Birincisi zaten malum olduğu üzere biz İstanbul Ticaret Odası’nın üniversitesiyiz. İstanbul Ticaret Odası’nın kendi elbette dünyanın en büyük odalarından bir tanesi ve sayısız sektörü kendi içerisinde barındırıyor. Buralarda hem staj yapma hem başarılı öğrencilerimizin irtibat kurarak iş bulma imkanları kayda değer mutlaka. Ama onun dışında ayrıca biz bir takım büyük firmalarla reklam, film üretimi, sosyal medya alanlarında etkin büyük firmalarla da iş birliği yapıyoruz. Bu iş birliğimiz sayesinde öğrencilerimiz şimdiye kadar bu türden tecrübelerimiz var. Yani bu bir ihtimal değil. Olmuş, gerçekleşmiş bir şeydir. Hem staj imkânı orada bulunuyorlar hem de staj süreleri boyunca eğer çok gerçekten kendilerini ispatlayabilirlerse yeteneklerini, becerilerini orada iş bulma imkanını yakalayabiliyorlar. Ayrıca irtibatlı diyalogda halinde olduğumuz başka animasyon şirketleri, televizyon alanında prodüksiyon yapan şirketler, sinema filmleri alanında çalışan şirketlerle irtibatlarımız var. Çok yetenekli, seçkin öğrencilerimizi oralara yönlendiriyoruz. Piyasaya kazandırmaya çalışıyoruz.

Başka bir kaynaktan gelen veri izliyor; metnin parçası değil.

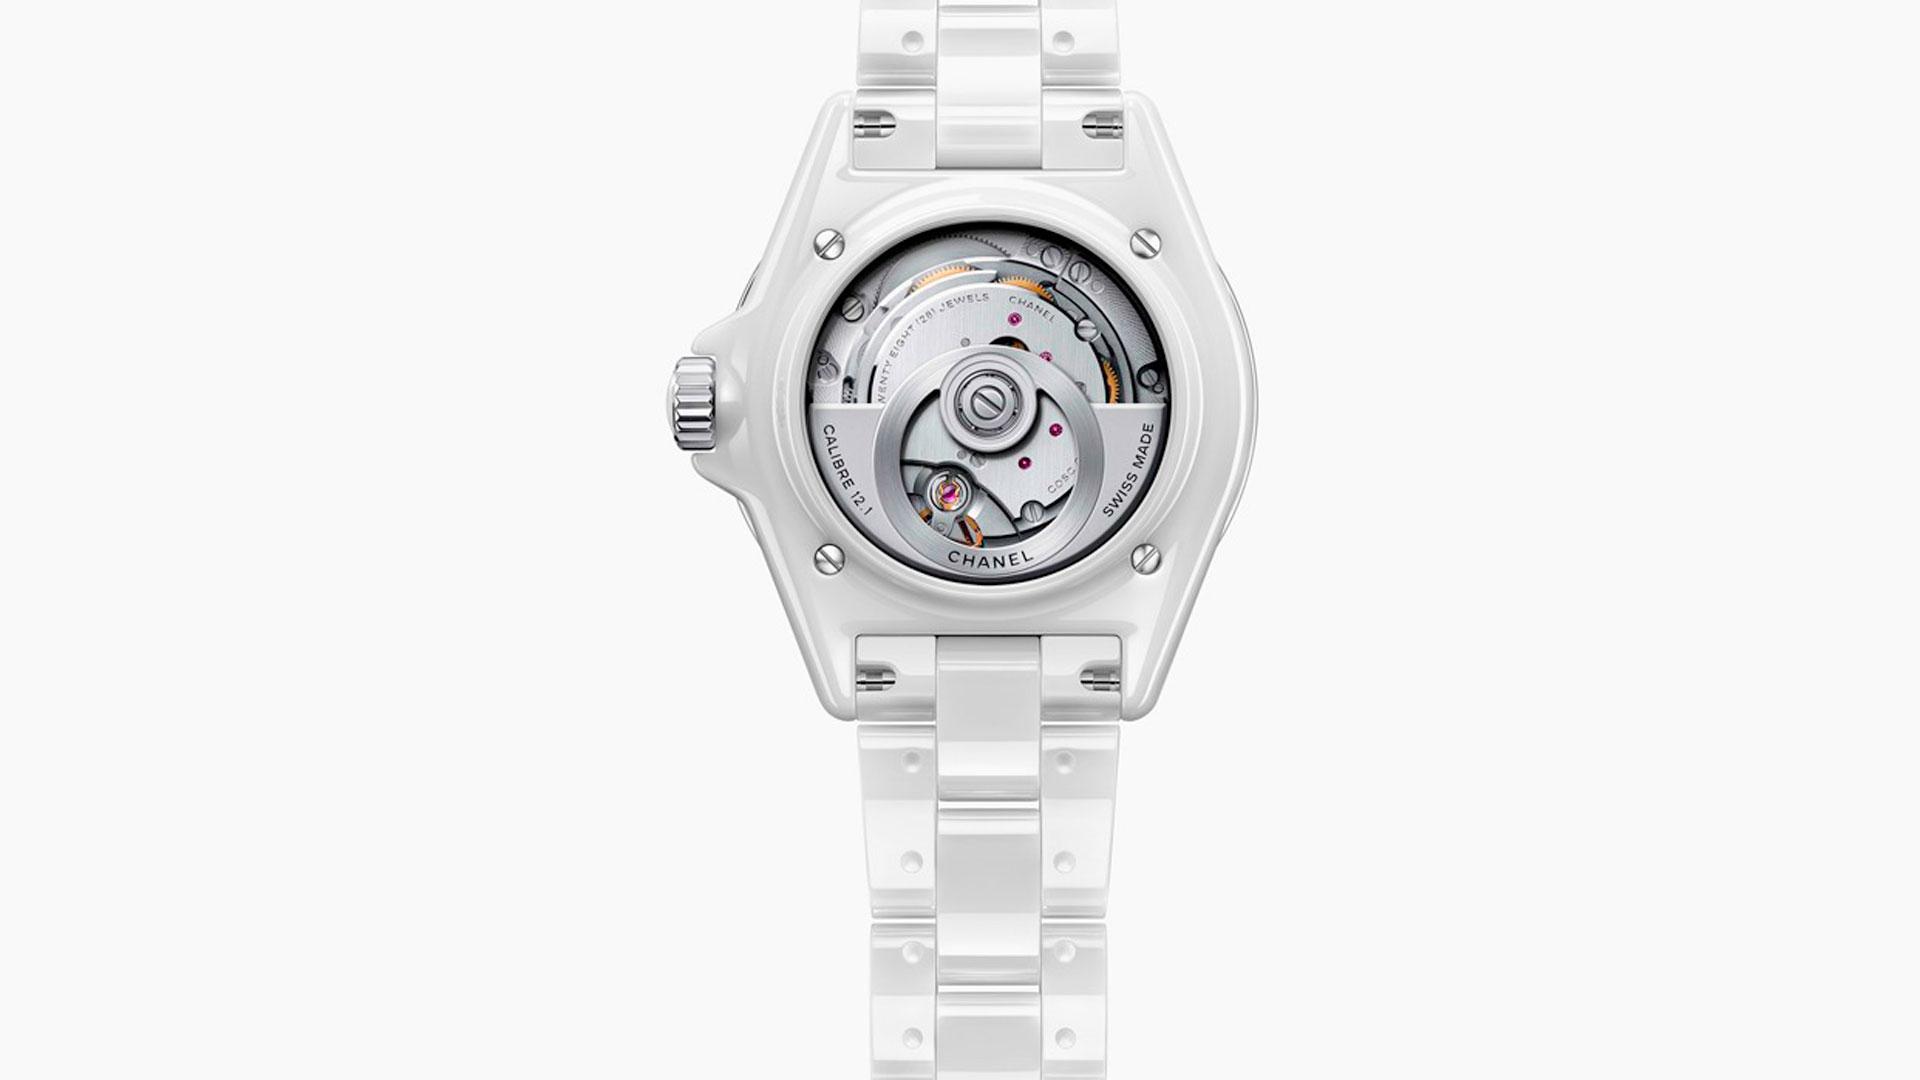 Imagen del nuevo reloj J12 de Chanel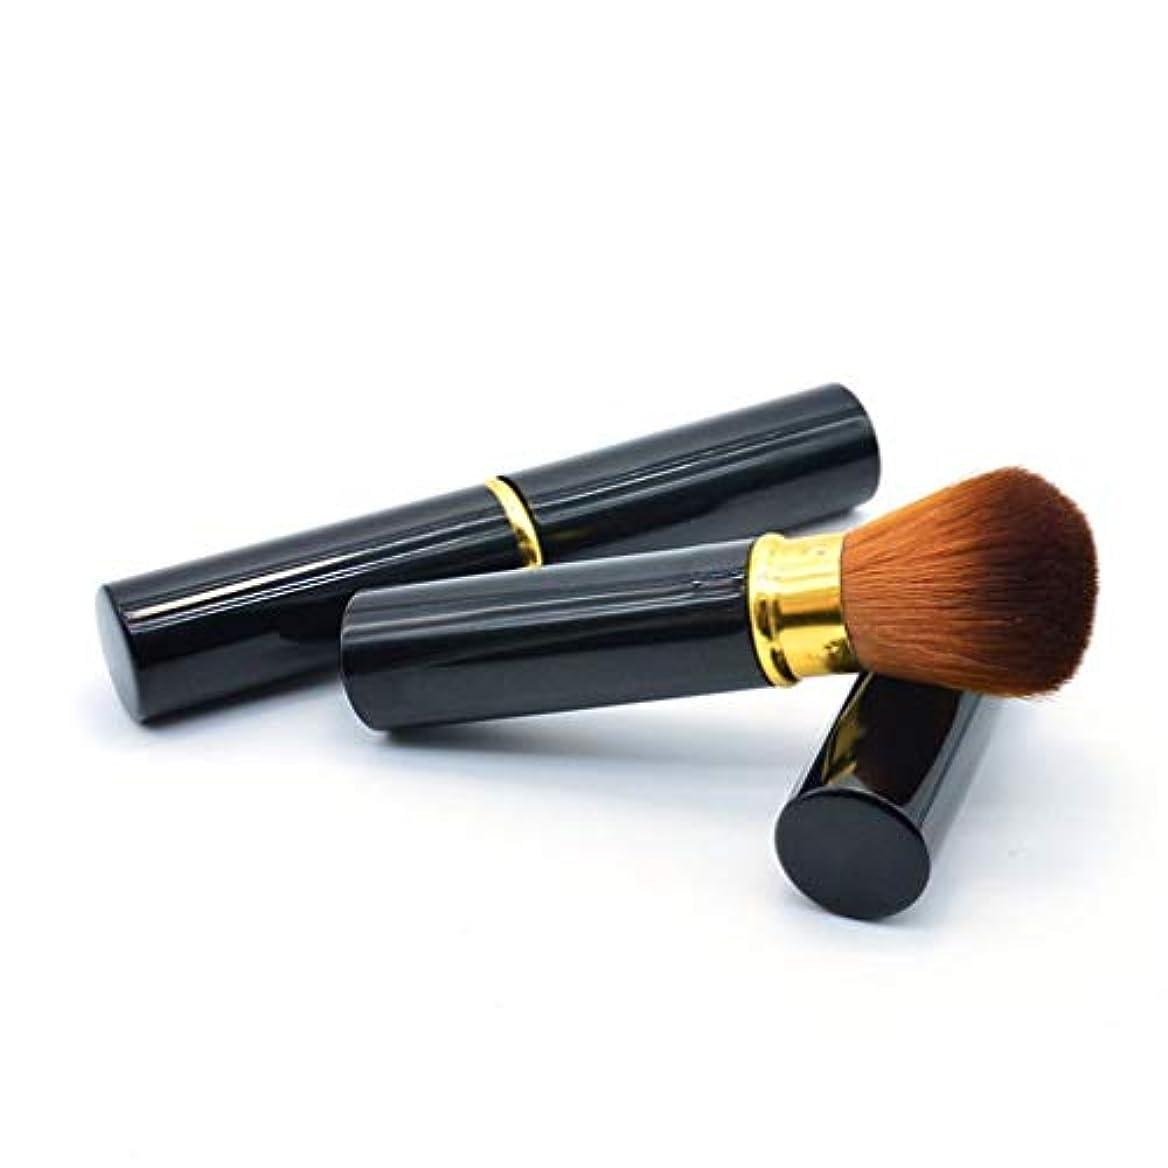 メイクアップブラシファンデーションメイクアップリキッド、クリーム、または完璧なパウダー化粧品 - バフ、点描、コンシーラー - 上質な合成稠密剛毛

Görsel İletişim Tasarımı Bölümü eğitimlerinde teknolojinin rolü nedir?
Günümüzde artık sadece bizim alanlarda değil, diğer alanlarda da teknolojiden azade, teknolojiyi dikkate almak için eğitim, üretim yapmak, meslek hayatında bir yerlere gelmek, yenilik ortaya koymak artık pek mümkün değil. Bilgisayarın kendisinin bütün öğrenme faaliyetlerin, teknik ve sanatsal etkinliklerin, üretimlerin merkezine dönüştüğü, merkezi haline geldiği, yani bilgisayarsız hiçbir şey üretemediğimiz bir dünyada teknolojiyi göz ardı etmek elbette akıllılık olmaz. Bir de bunun üstüne şimdi bilgisayardaki yazılım programlarının üzerine yapay zekâ ekleniyor. Yapay zekâ ile birlikte bilgisayarın da işlevi ve niteliği değişecekmiş gibi gözüküyor. Fotoğraftan grafik animasyonlara varıncaya kadar sabit ve hareketli bütün görüntülere, metin diline, sese ve müziğe varıncaya kadar her şey üzerinde oynanabilir ve yeniden üretilebilir hale geliyor. Bunların bize gelecekte hem düşünce dünyamıza hem sanat dünyamıza neler getireceğini hep birlikte tabii ki tartışacağız, göreceğiz. Ama bu şu demektir, üniversite bölümlerinin ki bizim bölümümüzde başta olmak üzere bu gidişata uyum sağlaması ve bu imkanları mutlaka değerlendirmesi ve müfredatına entegre etmesi şarttır. Biz de bu çabaya içerisindeyiz.
Görsel İletişim ve Tasarım Bölümü gelecek hedefleri nelerdir?
Öncelikli hedefler hızlı gelişen teknolojik yeniliklerin takibini çok iyi yapmak. Çağımız nereye gidiyor? Dünya nereye gidiyor? İnsanlık nereye gidiyor? İletişim sektörü televizyonuyla, sosyal medyasıyla, sinemasıyla nereye doğru evriliyor? Yeni gelişen, yapay zekâ gibi teknolojik yenilikler bu yönelişte nasıl belirleyici bir rol oynayacak? Bütün bunların hepsini önceden görmek, tasarımlamak, dikkate almak ve hem müfredatı hem de ders içeriklerini buna uygun şekilde güncellemek, öğrencilerimizin çağın nabzını yakalamasına imkân sunmak.